Material to process Start Marker

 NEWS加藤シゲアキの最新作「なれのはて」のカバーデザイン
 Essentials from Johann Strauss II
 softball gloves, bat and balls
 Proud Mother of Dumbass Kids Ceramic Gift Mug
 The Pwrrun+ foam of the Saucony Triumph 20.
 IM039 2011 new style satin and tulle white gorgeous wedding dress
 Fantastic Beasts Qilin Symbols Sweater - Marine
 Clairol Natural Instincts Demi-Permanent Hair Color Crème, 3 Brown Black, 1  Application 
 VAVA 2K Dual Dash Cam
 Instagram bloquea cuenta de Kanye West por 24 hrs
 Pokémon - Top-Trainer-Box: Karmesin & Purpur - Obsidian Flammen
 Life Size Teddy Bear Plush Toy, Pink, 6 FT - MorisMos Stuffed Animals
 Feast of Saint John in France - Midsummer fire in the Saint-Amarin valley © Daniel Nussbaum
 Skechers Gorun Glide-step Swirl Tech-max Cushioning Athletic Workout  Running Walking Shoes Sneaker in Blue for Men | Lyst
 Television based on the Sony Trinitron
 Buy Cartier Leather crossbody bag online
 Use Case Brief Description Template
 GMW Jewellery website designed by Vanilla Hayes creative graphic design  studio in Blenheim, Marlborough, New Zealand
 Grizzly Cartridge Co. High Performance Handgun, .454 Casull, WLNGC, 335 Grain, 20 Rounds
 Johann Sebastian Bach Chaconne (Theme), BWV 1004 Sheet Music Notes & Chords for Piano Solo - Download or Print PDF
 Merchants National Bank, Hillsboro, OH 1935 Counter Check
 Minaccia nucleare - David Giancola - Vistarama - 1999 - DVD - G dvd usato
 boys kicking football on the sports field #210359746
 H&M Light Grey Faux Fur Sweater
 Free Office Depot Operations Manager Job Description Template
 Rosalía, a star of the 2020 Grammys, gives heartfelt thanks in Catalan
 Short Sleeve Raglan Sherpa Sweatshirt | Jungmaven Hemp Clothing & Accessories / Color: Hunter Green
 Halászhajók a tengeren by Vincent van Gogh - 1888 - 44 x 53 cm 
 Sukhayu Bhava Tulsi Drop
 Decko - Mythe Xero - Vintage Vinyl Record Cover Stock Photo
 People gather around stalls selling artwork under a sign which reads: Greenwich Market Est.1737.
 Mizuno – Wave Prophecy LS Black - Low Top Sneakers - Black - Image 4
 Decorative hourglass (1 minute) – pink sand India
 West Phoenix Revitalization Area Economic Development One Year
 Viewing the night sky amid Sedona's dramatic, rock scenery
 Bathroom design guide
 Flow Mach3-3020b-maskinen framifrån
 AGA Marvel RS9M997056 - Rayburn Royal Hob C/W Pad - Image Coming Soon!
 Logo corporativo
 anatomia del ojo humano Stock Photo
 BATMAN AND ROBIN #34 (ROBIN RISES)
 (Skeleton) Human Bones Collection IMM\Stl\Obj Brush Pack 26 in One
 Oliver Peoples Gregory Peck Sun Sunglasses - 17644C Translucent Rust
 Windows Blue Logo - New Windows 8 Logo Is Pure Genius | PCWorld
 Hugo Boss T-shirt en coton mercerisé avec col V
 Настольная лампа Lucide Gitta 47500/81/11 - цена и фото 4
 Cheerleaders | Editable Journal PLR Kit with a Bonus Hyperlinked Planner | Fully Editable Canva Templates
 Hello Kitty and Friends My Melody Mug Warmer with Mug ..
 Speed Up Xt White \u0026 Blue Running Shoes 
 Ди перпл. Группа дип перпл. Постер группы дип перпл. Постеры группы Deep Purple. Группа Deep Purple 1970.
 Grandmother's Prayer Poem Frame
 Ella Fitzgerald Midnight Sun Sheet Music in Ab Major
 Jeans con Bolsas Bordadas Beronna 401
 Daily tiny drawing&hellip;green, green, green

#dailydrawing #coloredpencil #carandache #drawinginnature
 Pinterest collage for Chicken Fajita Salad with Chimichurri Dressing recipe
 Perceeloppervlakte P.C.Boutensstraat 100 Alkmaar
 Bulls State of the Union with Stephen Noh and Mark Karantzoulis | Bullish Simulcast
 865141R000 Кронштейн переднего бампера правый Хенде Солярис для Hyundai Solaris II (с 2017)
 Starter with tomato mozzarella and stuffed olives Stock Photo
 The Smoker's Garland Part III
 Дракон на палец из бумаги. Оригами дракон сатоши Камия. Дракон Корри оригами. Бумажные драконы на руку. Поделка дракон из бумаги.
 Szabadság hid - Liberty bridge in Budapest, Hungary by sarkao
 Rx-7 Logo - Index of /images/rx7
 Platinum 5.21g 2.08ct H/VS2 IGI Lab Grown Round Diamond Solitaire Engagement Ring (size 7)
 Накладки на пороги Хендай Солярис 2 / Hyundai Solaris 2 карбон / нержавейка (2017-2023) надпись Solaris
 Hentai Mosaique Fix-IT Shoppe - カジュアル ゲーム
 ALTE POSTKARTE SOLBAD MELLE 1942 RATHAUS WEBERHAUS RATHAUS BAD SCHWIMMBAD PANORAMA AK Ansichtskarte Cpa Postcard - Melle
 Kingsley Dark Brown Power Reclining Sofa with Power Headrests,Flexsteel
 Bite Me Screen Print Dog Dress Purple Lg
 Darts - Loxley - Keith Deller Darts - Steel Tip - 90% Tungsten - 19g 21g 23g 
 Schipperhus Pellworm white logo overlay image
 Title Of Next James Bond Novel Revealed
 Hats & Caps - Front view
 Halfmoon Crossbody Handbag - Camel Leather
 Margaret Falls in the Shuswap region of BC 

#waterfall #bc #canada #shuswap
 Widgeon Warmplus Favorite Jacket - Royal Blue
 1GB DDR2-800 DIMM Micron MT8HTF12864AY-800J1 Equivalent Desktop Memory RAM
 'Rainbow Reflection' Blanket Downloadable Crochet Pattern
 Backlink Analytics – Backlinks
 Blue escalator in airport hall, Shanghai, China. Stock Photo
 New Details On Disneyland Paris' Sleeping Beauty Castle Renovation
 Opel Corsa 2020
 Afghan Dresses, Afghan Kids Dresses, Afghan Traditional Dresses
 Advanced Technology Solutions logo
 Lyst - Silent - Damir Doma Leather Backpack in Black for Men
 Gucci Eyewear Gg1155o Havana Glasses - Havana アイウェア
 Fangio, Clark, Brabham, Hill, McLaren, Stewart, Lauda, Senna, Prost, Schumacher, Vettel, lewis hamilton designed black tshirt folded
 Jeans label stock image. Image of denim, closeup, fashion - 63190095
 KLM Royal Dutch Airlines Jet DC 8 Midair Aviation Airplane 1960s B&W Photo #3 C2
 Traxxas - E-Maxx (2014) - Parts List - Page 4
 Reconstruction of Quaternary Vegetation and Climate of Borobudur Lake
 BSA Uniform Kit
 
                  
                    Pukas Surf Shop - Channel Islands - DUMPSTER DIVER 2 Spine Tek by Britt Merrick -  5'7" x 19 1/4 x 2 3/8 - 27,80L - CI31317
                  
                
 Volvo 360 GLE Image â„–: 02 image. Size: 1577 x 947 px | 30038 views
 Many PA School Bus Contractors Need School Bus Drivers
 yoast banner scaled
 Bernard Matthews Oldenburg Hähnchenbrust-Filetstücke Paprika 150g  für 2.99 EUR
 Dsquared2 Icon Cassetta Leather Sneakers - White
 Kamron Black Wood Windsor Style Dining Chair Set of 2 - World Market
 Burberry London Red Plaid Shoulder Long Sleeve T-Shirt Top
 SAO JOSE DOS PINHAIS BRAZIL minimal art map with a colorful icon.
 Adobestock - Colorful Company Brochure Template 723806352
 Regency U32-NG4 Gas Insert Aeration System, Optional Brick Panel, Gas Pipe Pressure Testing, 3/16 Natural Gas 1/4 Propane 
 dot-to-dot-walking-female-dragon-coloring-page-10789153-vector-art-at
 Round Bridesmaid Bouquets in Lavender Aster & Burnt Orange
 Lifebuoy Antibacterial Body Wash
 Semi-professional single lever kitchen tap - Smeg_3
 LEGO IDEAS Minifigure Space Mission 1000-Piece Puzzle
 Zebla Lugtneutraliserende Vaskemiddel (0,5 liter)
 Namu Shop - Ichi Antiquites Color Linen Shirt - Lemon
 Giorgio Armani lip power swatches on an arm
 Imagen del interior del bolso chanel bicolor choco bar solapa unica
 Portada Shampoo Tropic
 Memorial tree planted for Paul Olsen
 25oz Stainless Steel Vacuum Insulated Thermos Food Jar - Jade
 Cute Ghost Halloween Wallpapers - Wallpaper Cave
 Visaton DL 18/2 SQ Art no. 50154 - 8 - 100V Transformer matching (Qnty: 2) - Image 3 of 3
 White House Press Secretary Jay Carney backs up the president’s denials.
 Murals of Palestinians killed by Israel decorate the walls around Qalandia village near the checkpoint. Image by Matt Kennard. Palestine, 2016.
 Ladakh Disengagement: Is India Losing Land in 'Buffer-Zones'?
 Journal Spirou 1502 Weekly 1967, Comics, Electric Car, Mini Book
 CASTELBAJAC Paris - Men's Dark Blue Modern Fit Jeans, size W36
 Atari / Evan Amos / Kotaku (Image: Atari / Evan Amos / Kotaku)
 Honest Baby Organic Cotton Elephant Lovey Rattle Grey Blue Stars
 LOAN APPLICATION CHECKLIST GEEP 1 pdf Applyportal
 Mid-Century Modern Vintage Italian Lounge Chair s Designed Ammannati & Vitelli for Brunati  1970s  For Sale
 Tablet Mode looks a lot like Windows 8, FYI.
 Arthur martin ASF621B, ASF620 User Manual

Material to process End Marker

Task description: In the records above, the line with "#dailydrawing #coloredpencil #carandache" marks the start and the line with "Hentai Mosaique Fix-IT Shoppe - カジュアル ゲーム" marks the end; copy that stretch exactly, both lines included, and nothing else.

Response area:
#dailydrawing #coloredpencil #carandache #drawinginnature
 Pinterest collage for Chicken Fajita Salad with Chimichurri Dressing recipe
 Perceeloppervlakte P.C.Boutensstraat 100 Alkmaar
 Bulls State of the Union with Stephen Noh and Mark Karantzoulis | Bullish Simulcast
 865141R000 Кронштейн переднего бампера правый Хенде Солярис для Hyundai Solaris II (с 2017)
 Starter with tomato mozzarella and stuffed olives Stock Photo
 The Smoker's Garland Part III
 Дракон на палец из бумаги. Оригами дракон сатоши Камия. Дракон Корри оригами. Бумажные драконы на руку. Поделка дракон из бумаги.
 Szabadság hid - Liberty bridge in Budapest, Hungary by sarkao
 Rx-7 Logo - Index of /images/rx7
 Platinum 5.21g 2.08ct H/VS2 IGI Lab Grown Round Diamond Solitaire Engagement Ring (size 7)
 Накладки на пороги Хендай Солярис 2 / Hyundai Solaris 2 карбон / нержавейка (2017-2023) надпись Solaris
 Hentai Mosaique Fix-IT Shoppe - カジュアル ゲーム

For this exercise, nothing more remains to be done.